One way to test is to break the input file up into 200 ms files, encode each one with opus, and then measure the total size. The default opus file format includes what I measure as ~850 bytes of header, however, and since we control both the client and the server we don't have to send any header. So I count for my test file...

Based on my understanding of what you are building, this splitting is not a good model for how you would actually implement it. If you have a sender that is generating uncompressed audio, you can feed it into the compressor as you produce it and get a stream of compressed output frames that you can send and decode on the other end, without resetting the compressor in between.

Coauthor here: FWIW I also favor eventually switching to the (more reasonable IMO) streaming approach. But this does require a lot more complexity and state on the server side, so I have not yet attempted to implement it to see how much of an improvement it is. Right now the server is an extremely dumb single-threaded Python program with nginx in front of it, which is performant enough to scale to at least 200 clients. (This is using larger than 200 ms windows.) Switching to a websocket (or even webrtc) approach will add probably an order of magnitude in complexity on the server end. (For webRTC, maybe closer to two orders, from my experiments so far.)
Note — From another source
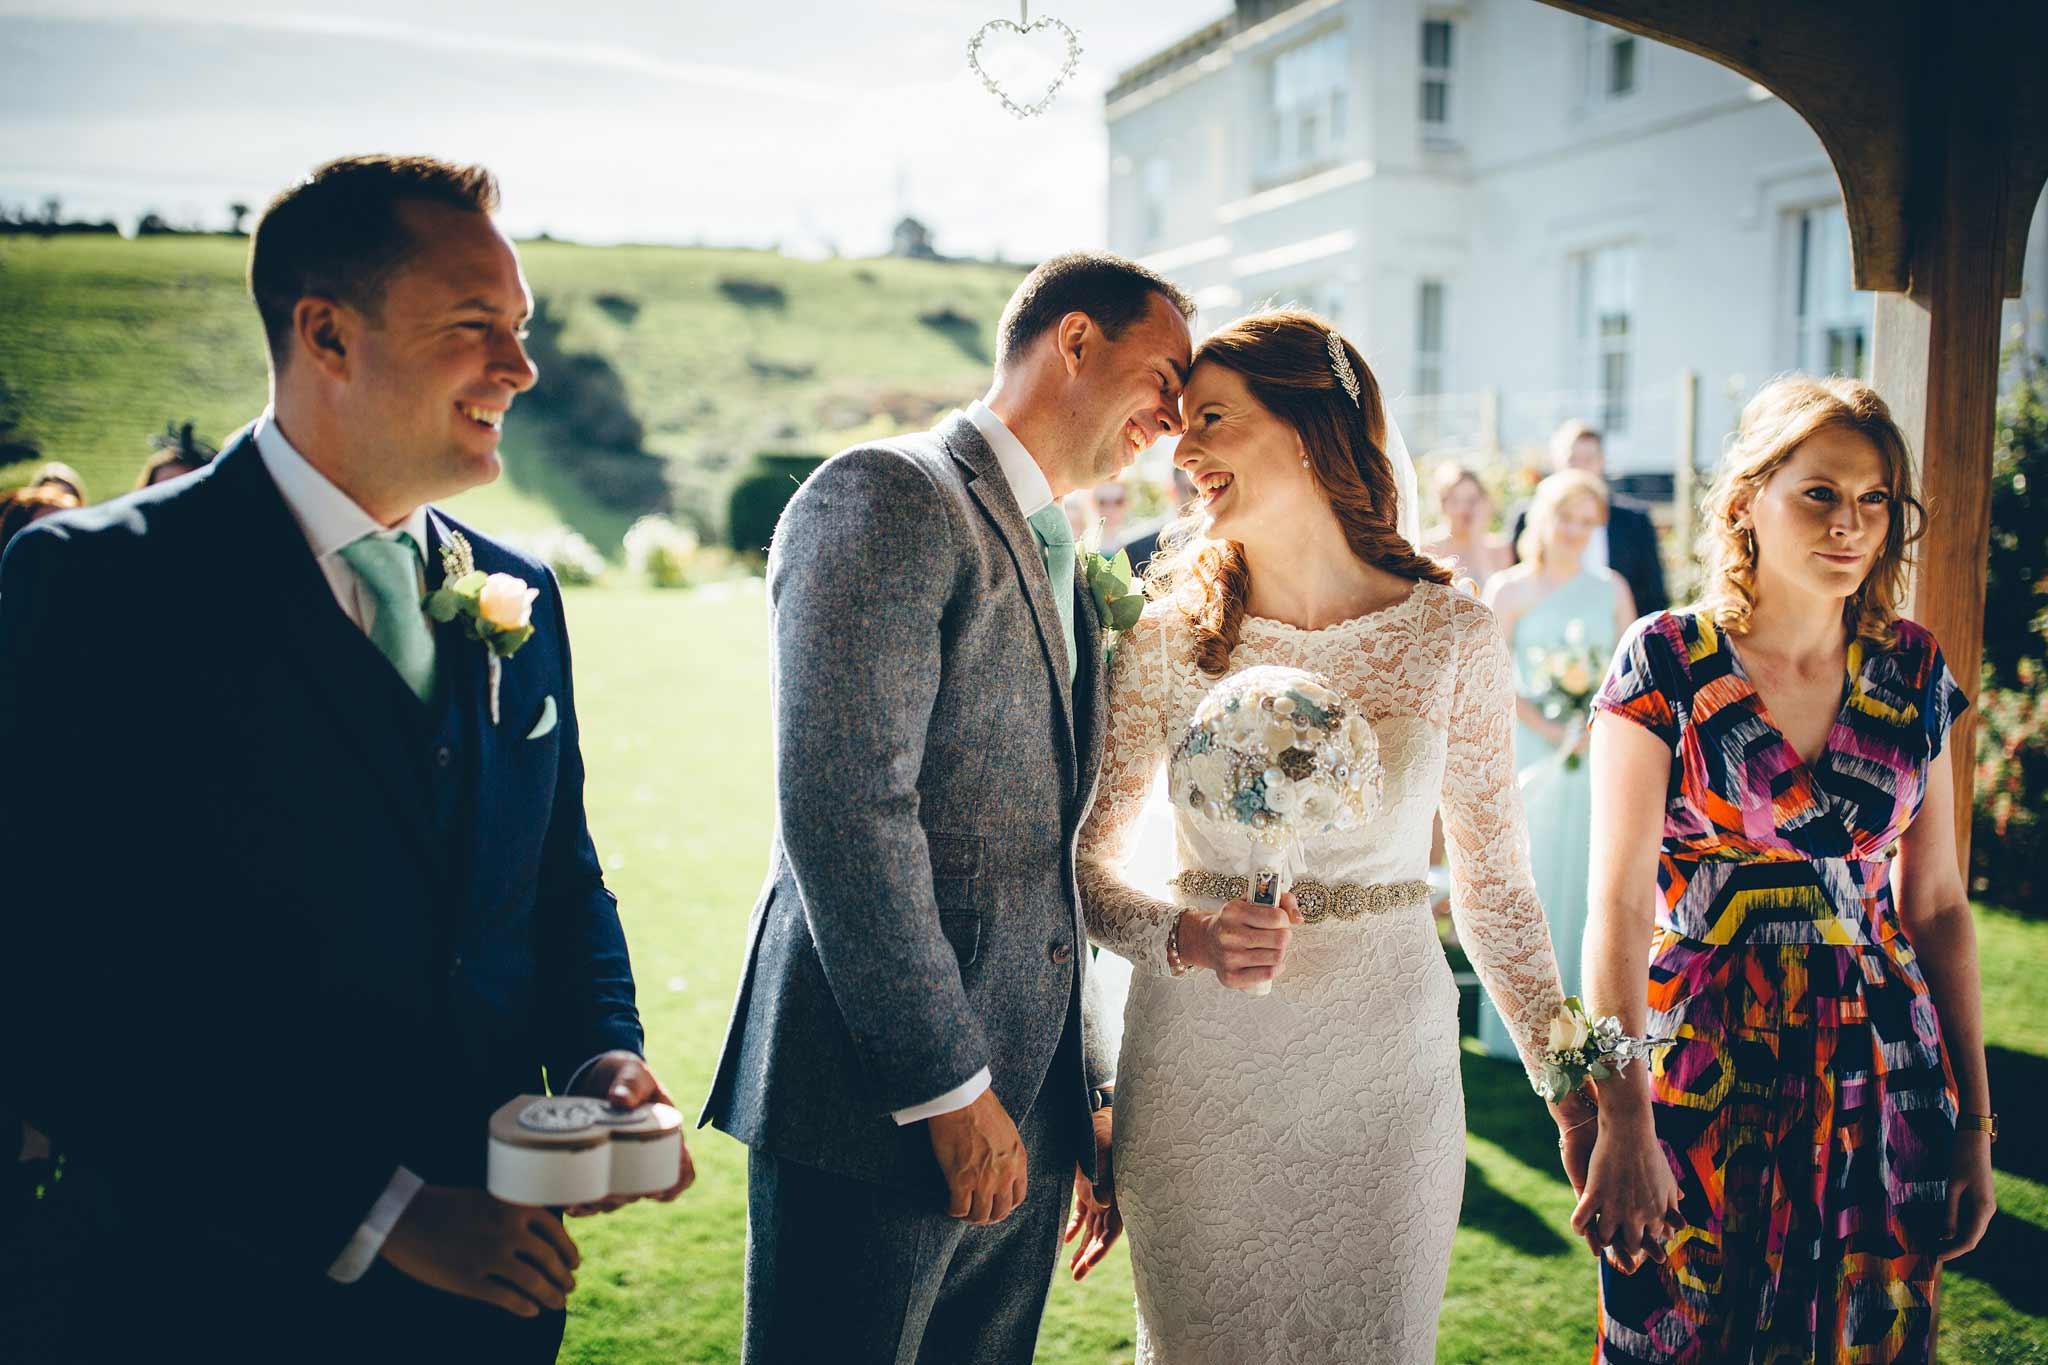 Polpier and Penpol Wedding Photographer 23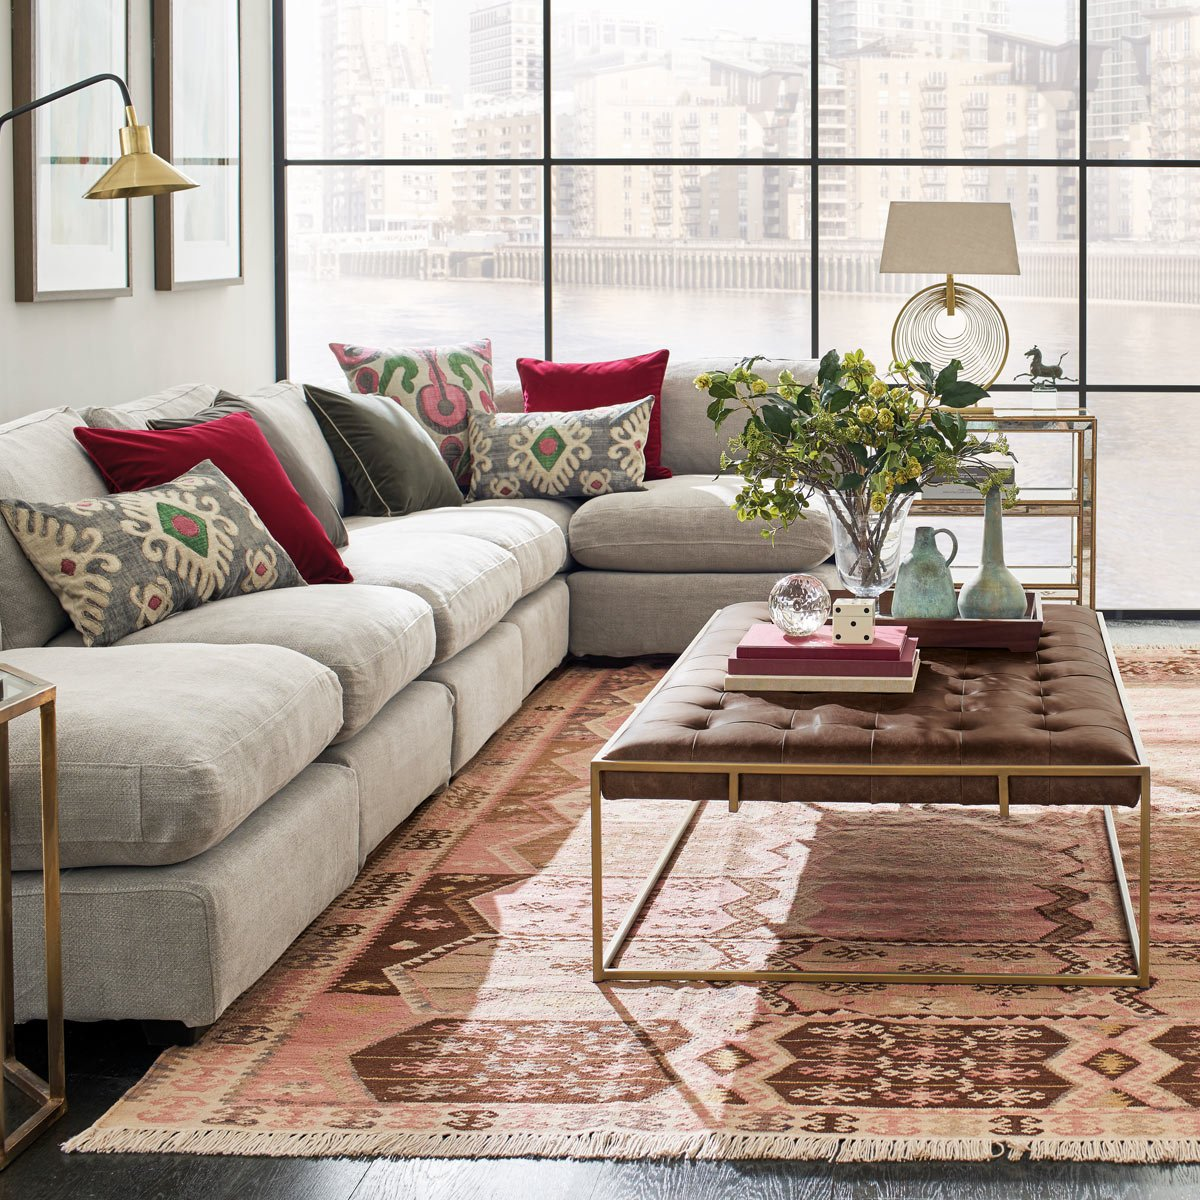 Wallace Coffee Table Ottoman Aged Hazelnut Brown Leather Upholstery OKA Luxury Storage Solution

You can do that, but then you need the server to retain per-client state. Everything stays much simpler if we don't!

I agree with @cata here. You also introduce a forced 200ms of latency with batch sending. I also would propose a proper protocol like RTP for network transport, which helps with handling problems during transport.

To support fully streaming operation in the browser, I think we would need to switch to using web sockets. Doable, but complicated and may not be worth it?

200ms of latency isn't ideal, but also isn't that bad. The design does not require minimizing latency, just keeping it reasonably small.